**WHAT YOU SHOULD DO**
Apart from the pictures, every line below needs to be reproduced verbatim.

**GIVEN MATERIAL**
───
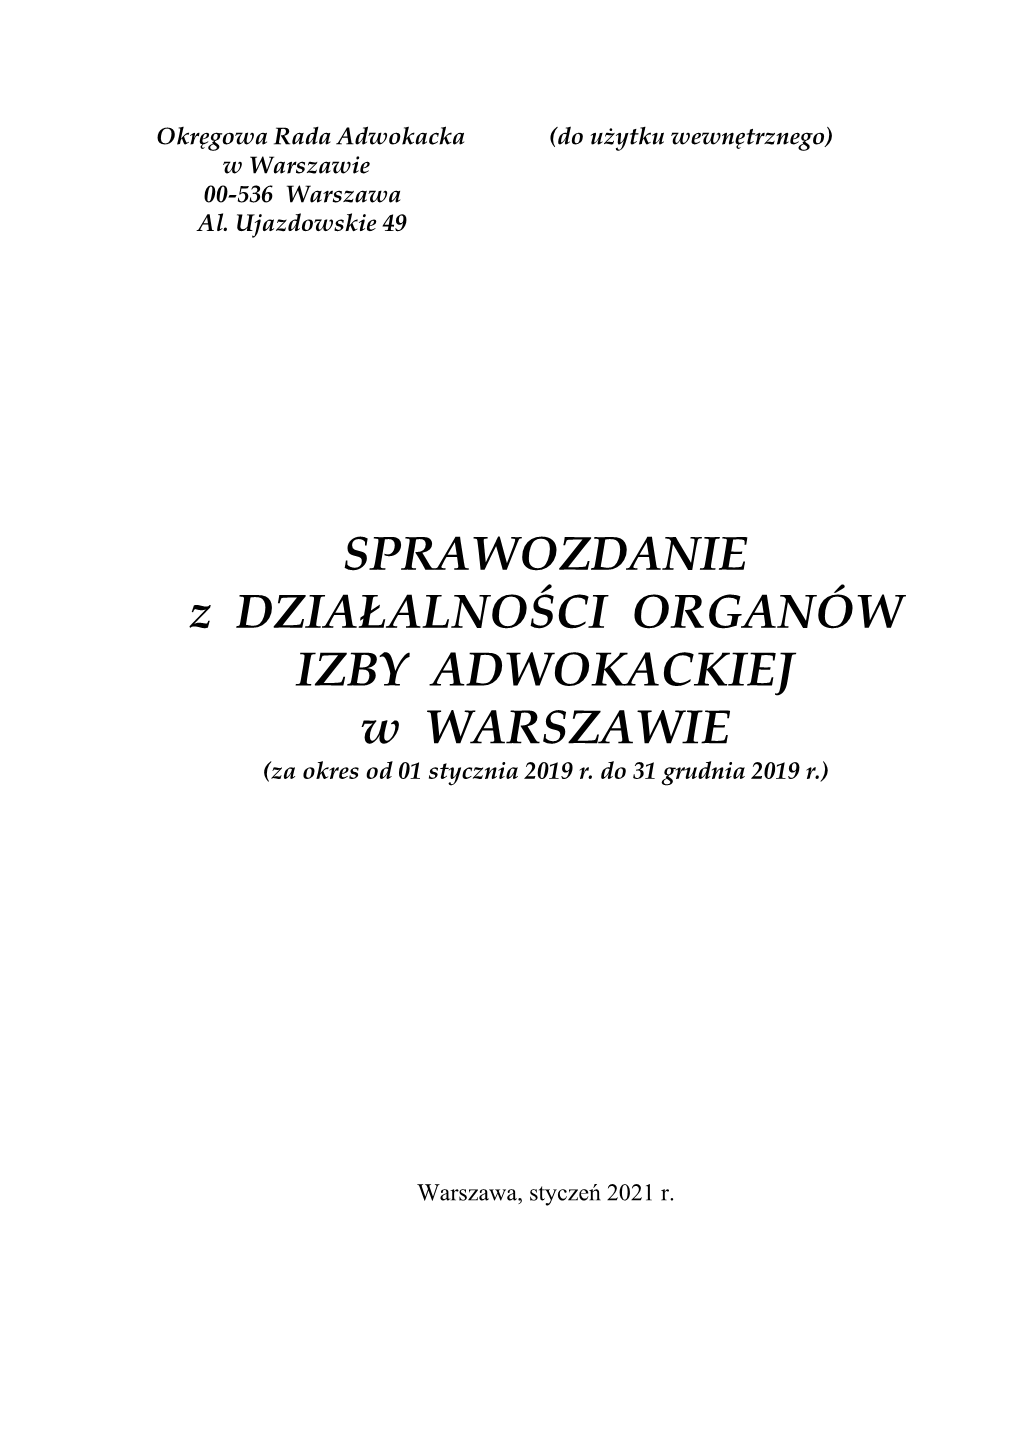 Sprawozdanie Z Działalności Organów Izby Adwokackiej W Warszawie W Roku 2018, − 29 Czerwca 2019 R
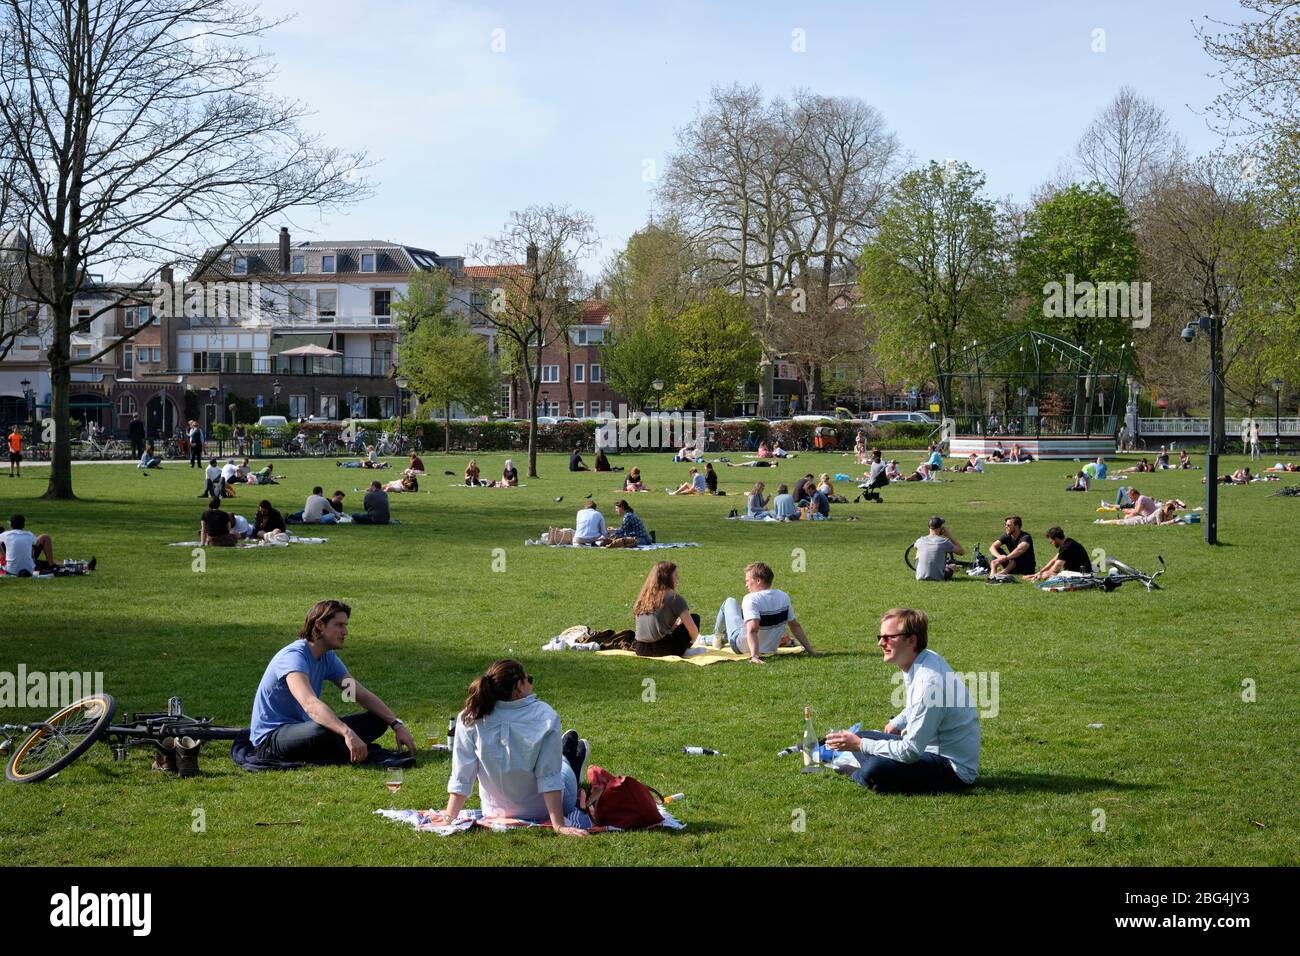 Corona Krise/soziale Distanzierung: Menschen in kleinen Gruppen (max. 3 Personen) in diesem Stadtpark in Utrecht, Niederlande. Stockfoto
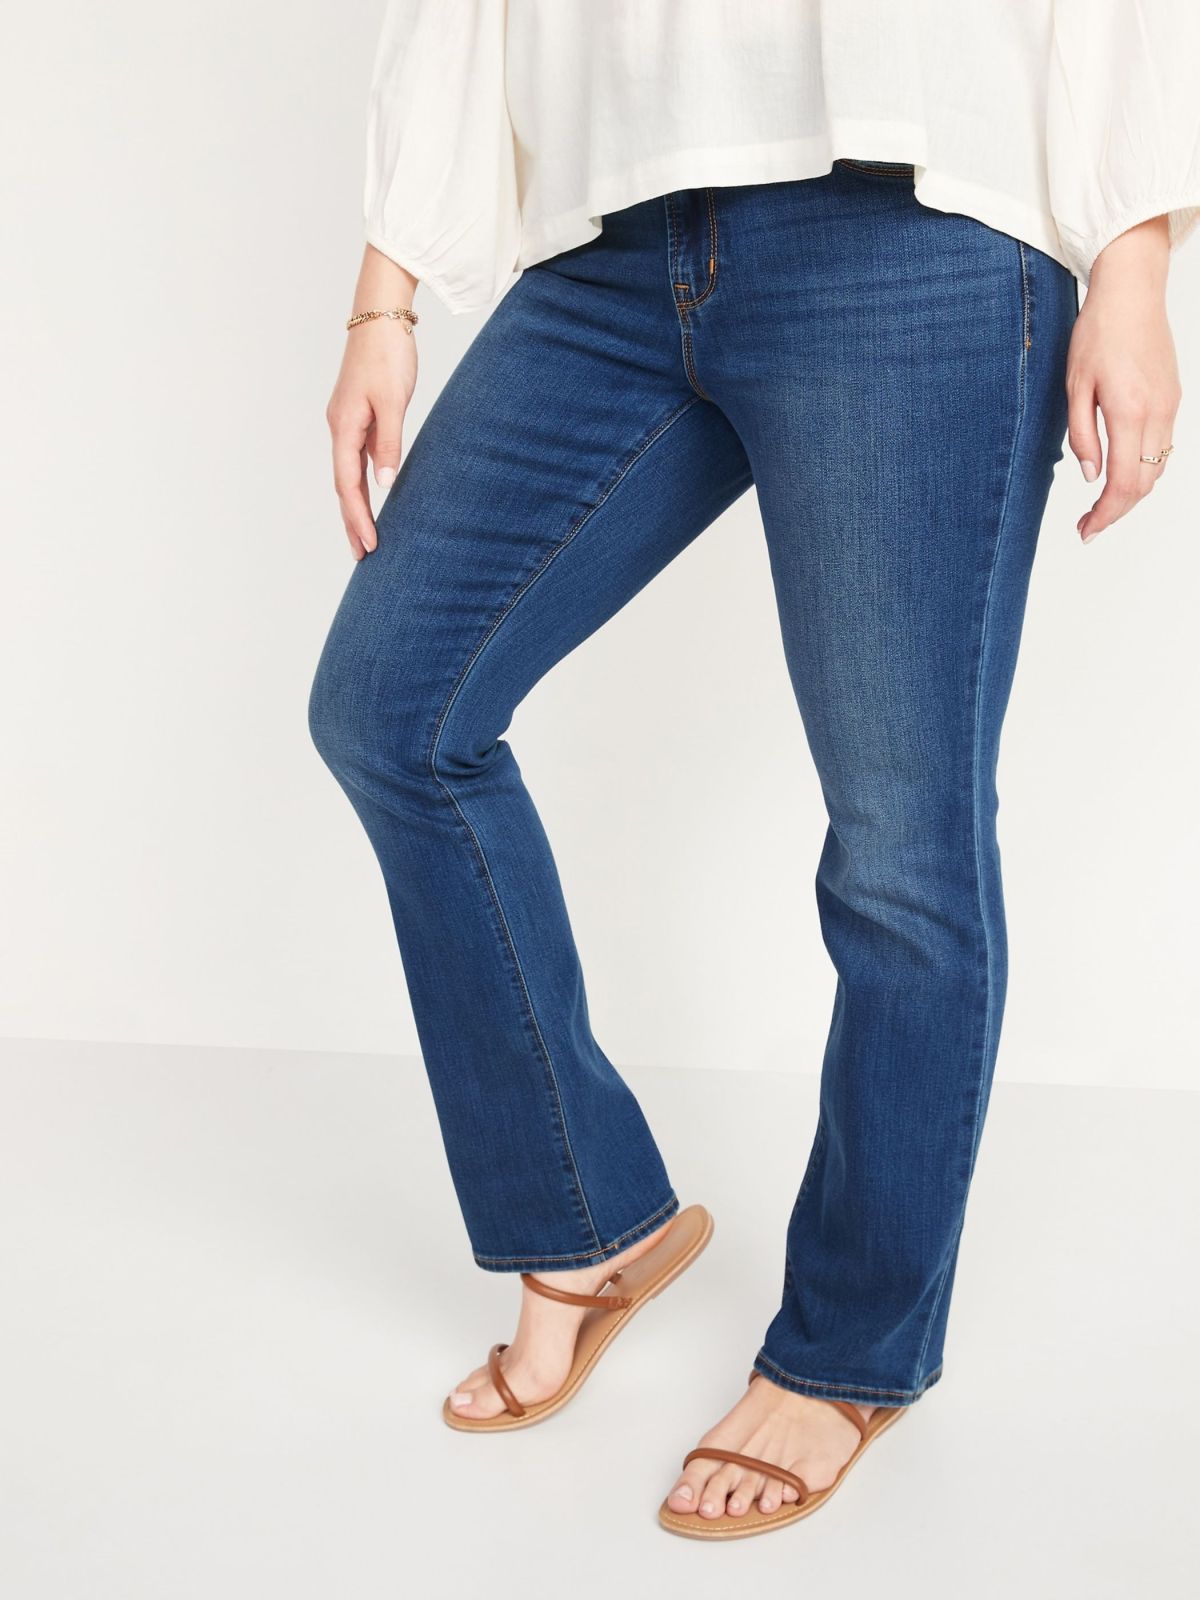  ג'ינס ארוך בגזרת FLARE של OLD NAVY
───
**REPLY TO THE EXERCISE**
 Sprawozdanie Z Działalności Organów Izby Adwokackiej W Warszawie W Roku 2018, − 29 Czerwca 2019 R
 Corona Krise/soziale Distanzierung: Menschen in kleinen Gruppen (max. 3 Personen) in diesem Stadtpark in Utrecht, Niederlande. Stockfoto
  ג'ינס ארוך בגזרת FLARE של OLD NAVY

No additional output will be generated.